"""

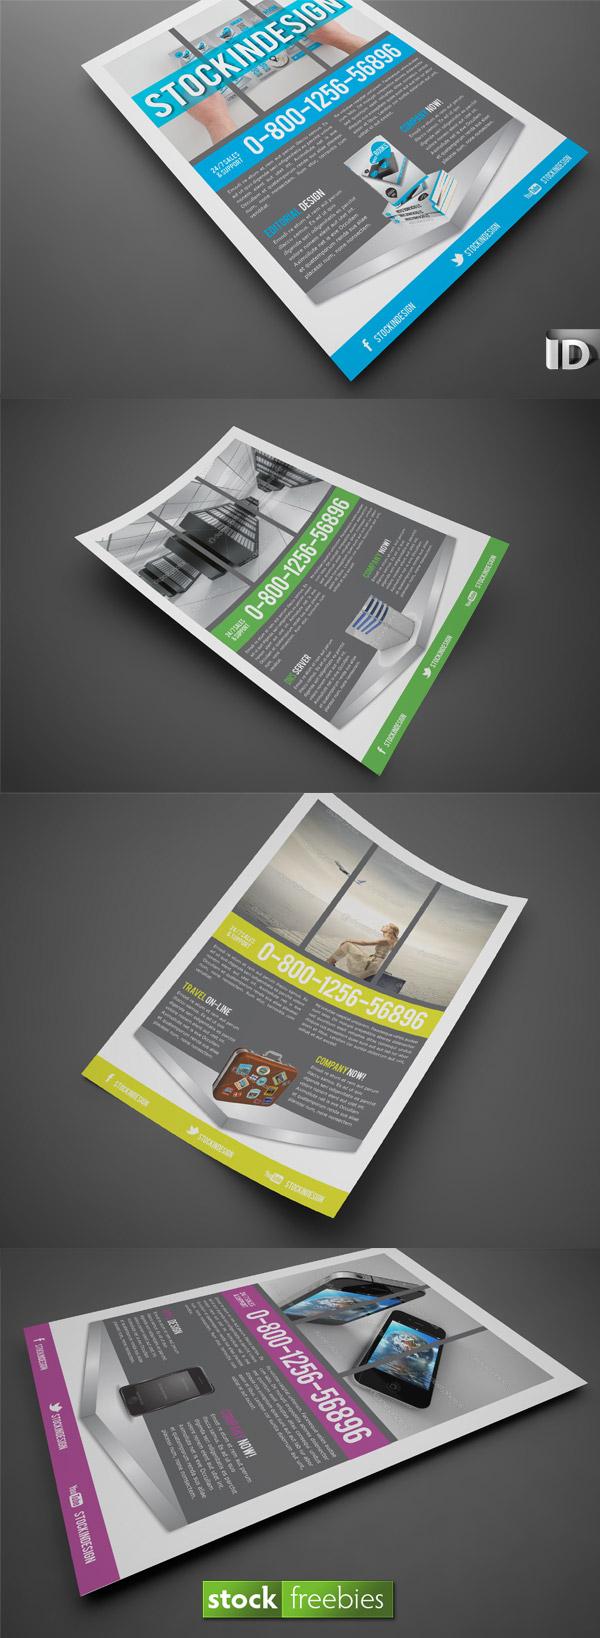 Product Showcase Flyer - Free
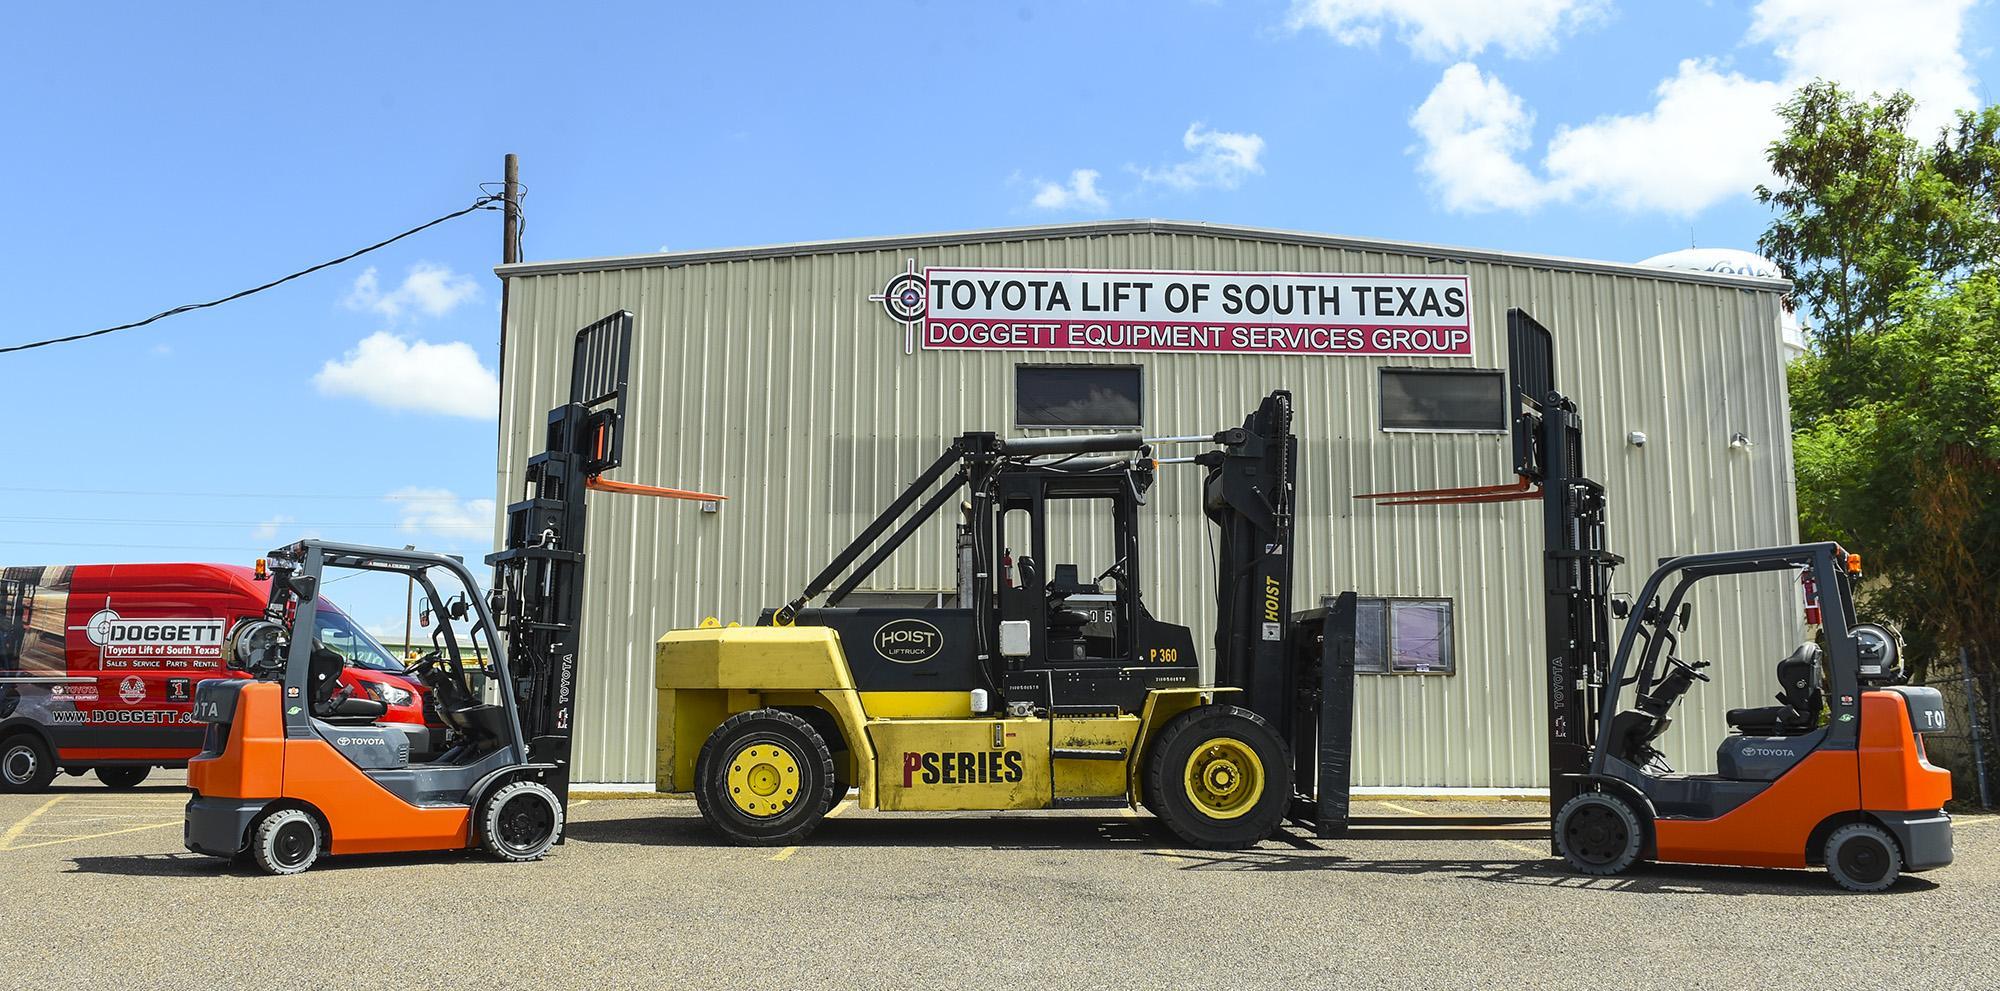 Toyota Lift Of South Texas Laredo Morning Times Installation
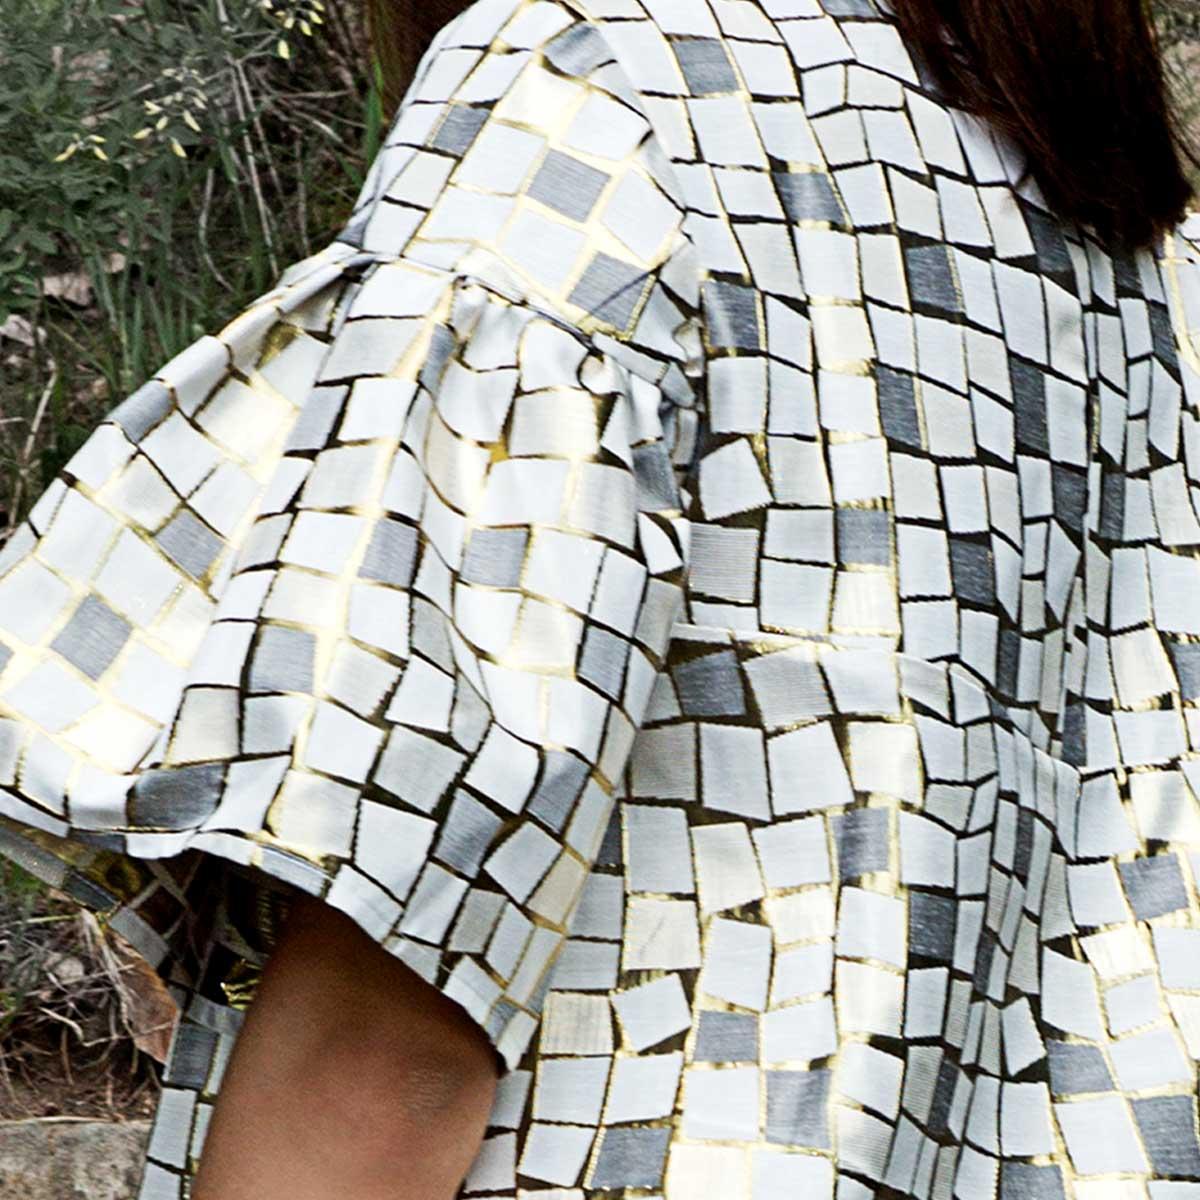 Twiggy dress. Short dress. Designed for loose fit. Non-stretchy fabric. Gudnitz Copenhagen

"""

_Exercise_
The material is to be written out word for word, and the pictures are to be left out.

_Answer below_
 Product Showcase Flyer - Free
 Toyota Lift Of South Texas Laredo Morning Times Installation
 Twiggy dress. Short dress. Designed for loose fit. Non-stretchy fabric. Gudnitz Copenhagen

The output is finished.